Sister Carrie Compassion and Forgiveness Quotes

How we cite our quotes: (Chapter.Paragraph)

Quote #1

The plea was that of a gaunt-faced man of about thirty, who looked the picture of privation and wretchedness. Drouet was the first to see. He handed over a dime with an upwelling feeling of pity in his heart. Hurstwood scarcely noticed the incident. Carrie quickly forgot. (14.96)

We've been repeatedly told by the narrator that Carrie has such a sensitive nature. So why is Drouet the only one who bothers to give this poor guy the time of day?

Quote #2

On the street sometimes [Carrie] would see men working—Irishmen with picks, coal-heavers with great loads to shovel, Americans busy about some work which was a mere matter of strength—and they touched her fancy. Toil, now that she was free of it, seemed even a more desolate thing than when she was part of it. She saw it through a mist of fancy—a pale, somber half-light, which was the essence of poetic feeling […] Her sympathies were ever with that under-world of toil from which she had so recently sprung, and which she best understood. (15.48)

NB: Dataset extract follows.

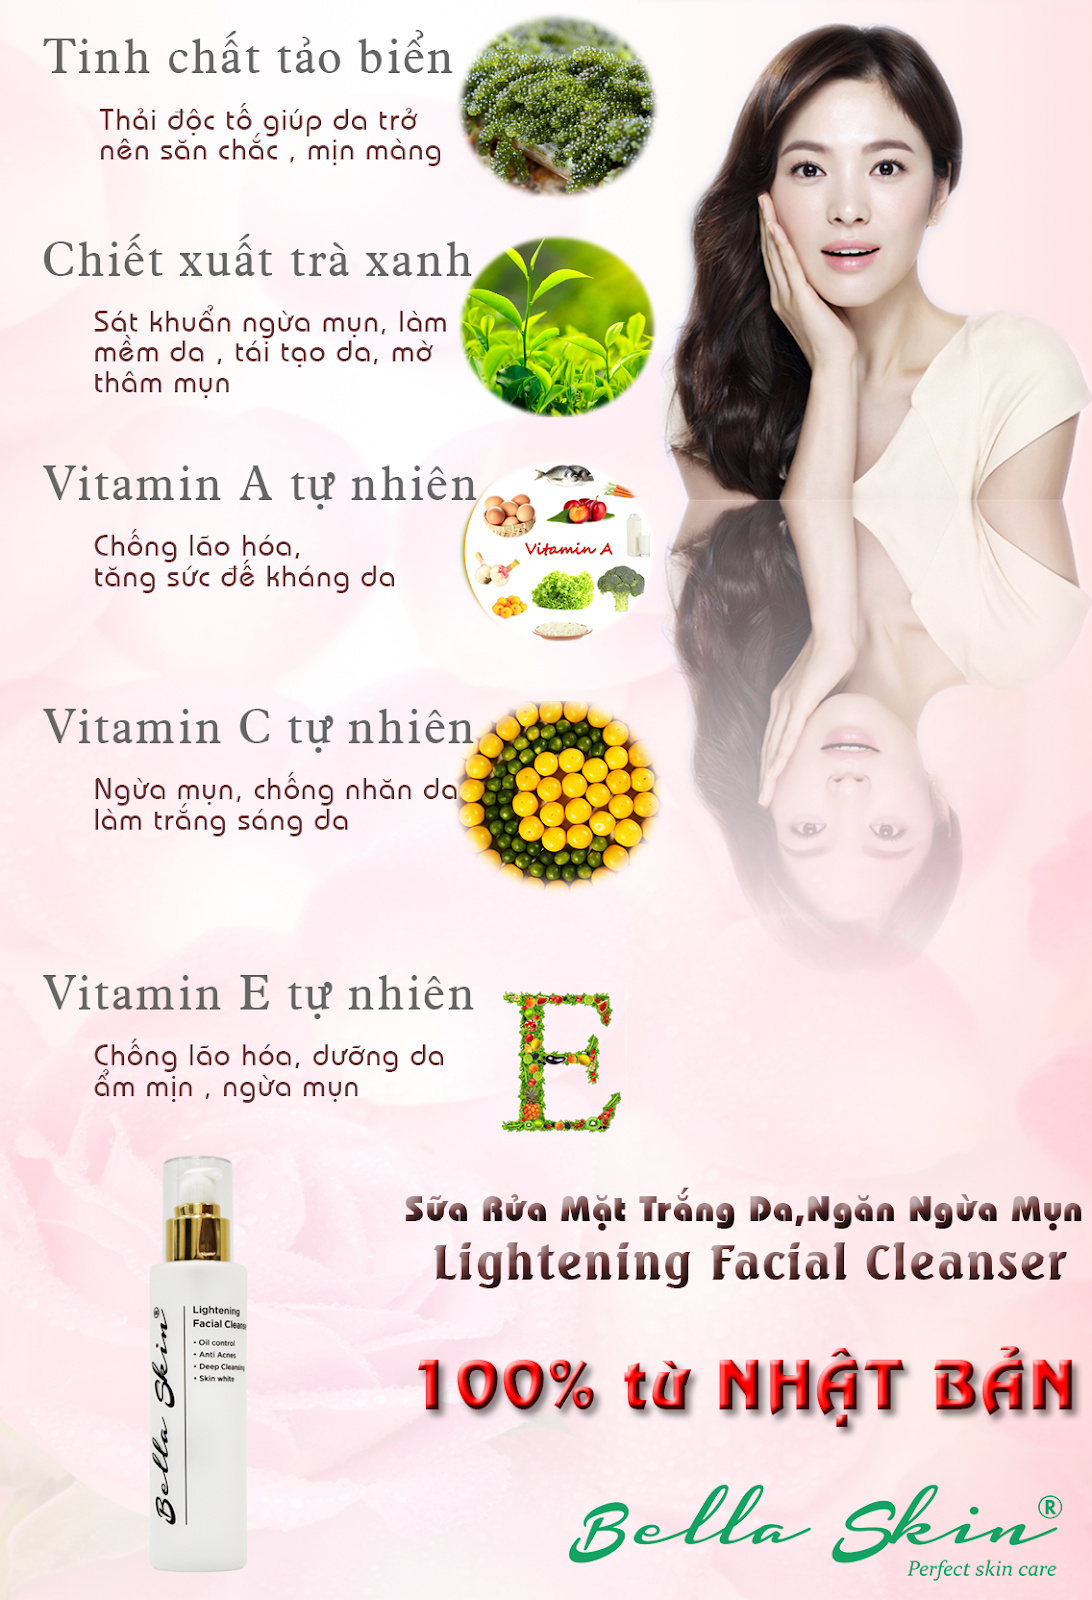 Sữa Rửa Mặt Trắng Da, Ngăn Ngừa Mụn Lightening Facial Cleanser SO-koBZpAfTDEXjiDCCqS7Do26hy2HYuBFZ6qM1PRZxvROIdIyrMOQHY8laI5Dzgk0mV9ocqHRBv7WK7HjyfAKYBEmm53A0RupHVhUTCBMcosrzidM0tWMArQ94P9e3FUSBNq3rp

Seeing the exploited workers "through a mist of fancy" that was "the essence of poetic feeing" seems a little weird, doesn't it? It's almost like Carrie's happily kicking back with a bag of popcorn and watching the workers in some sentimental movie. This in and of itself puts her in a strange position vis-à-vis the workers—she seems way more into watching them sweat than actually doing something to help them.

Quote #3

[Carrie's] need of clothes—to say nothing of her desire for ornaments—grew rapidly as the fact developed that for all her work she was not to have them. The sympathy she felt for Hurstwood, at the time he asked her to tide him over, vanished with these newer urgings of decency. (39.2)

Ah, once again Carrie's lust for stuff seems to get in the way of her relationships to others. Here, specifically, it impedes her ability to sustain her compassion in any meaningful way, as her sympathy for Hurstwood vanishes at the prospect of rocking a new outfit. This is perhaps yet another reason she ends up alone at the end of the novel.